Implications and Future Developments
Genie's launch has far-reaching implications for software development teams, particularly those looking to enhance productivity and reduce the time spent on routine tasks. With its ability to autonomously handle complex programming challenges, Genie could potentially transform the way engineering resources are allocated, allowing teams to focus on more strategic initiatives.
"We're sprinting towards a future where engineering resources are no longer a constraint," said Pullen. "The value of an AI colleague that can jump into an unknown codebase, solve unseen problems, and do so orders of magnitude faster than a human is self-evident."
Cosine has ambitious plans for Genie's future development. The company intends to expand its model portfolio to include smaller models for simpler tasks and larger models capable of handling more complex challenges. Additionally, Cosine plans to extend its work into open-source communities by context-extending one of the leading open-source models and pre-training on a vast dataset.
Availability and Next Steps
While Genie is already being rolled out to select users, broader access is still being managed.
Interested parties can apply for early access to try Genie on their projects by filling out a webform on the Cosine website.
Cosine remains committed to continuous improvement, with plans to ship regular updates to Genie's capabilities based on customer feedback.
"SWE-Bench recently changed their submission requirements to include the full working process of AI models, which poses a challenge for us as it would require revealing proprietary methodologies," noted Pullen. "For now, we've decided to keep these internal processes confidential, but we've made Genie's final outputs publicly available for independent verification on GitHub."
More on Cosine
Cosine is a human reasoning lab focused on researching and codifying how humans perform tasks, with the aim of teaching AI to mimic, excel at, and expand on these tasks.
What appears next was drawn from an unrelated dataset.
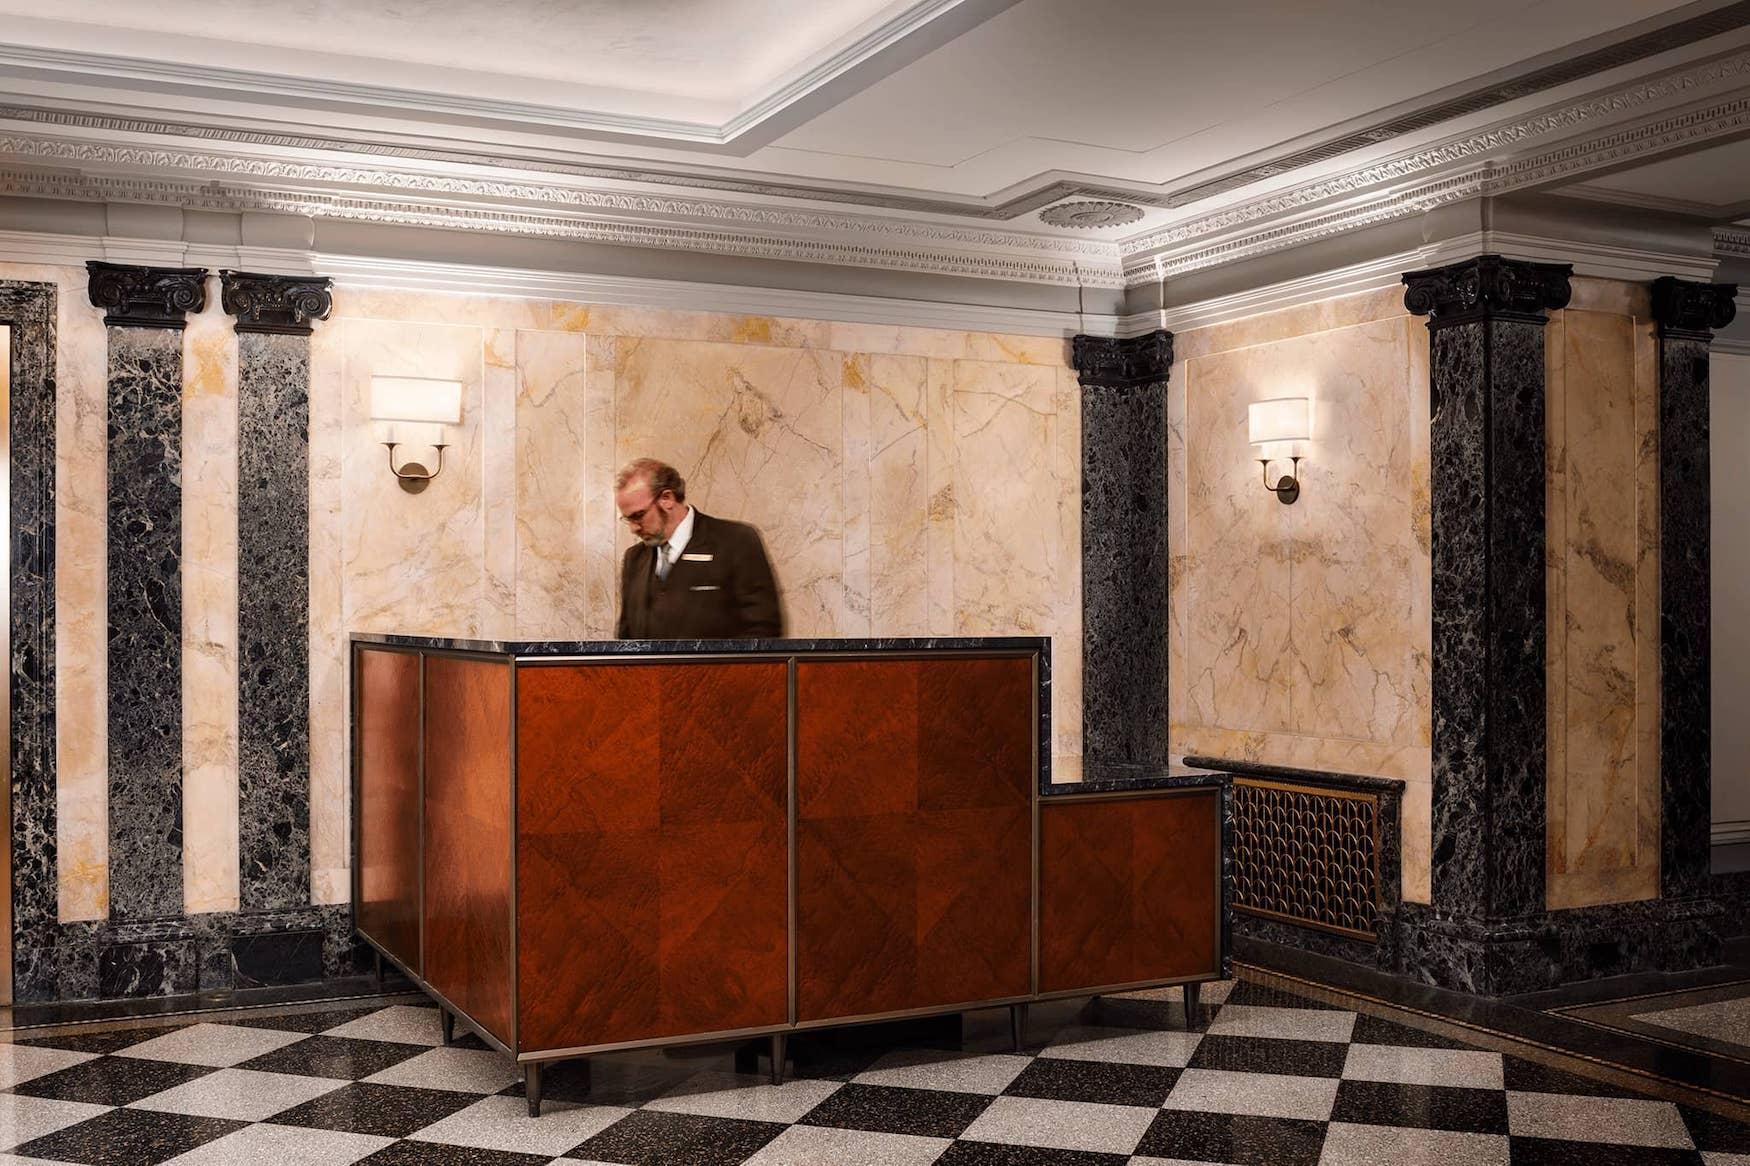 Concierge desk at 101 Central Park West

Founded in 2022 by Pullen, Sam Stenner, and Yang Li, the company's mission is to push the boundaries of AI by applying human reasoning to solve complex problems, starting with software engineering.
With a small but highly skilled team, Cosine has already made significant strides in the AI field, and Genie is just the beginning.
"We truly believe that we're able to codify human reasoning for any job and industry," Pullen stated in the announcement blog post. "Software engineering is just the most intuitive starting point, and we can't wait to show you everything else we're working on."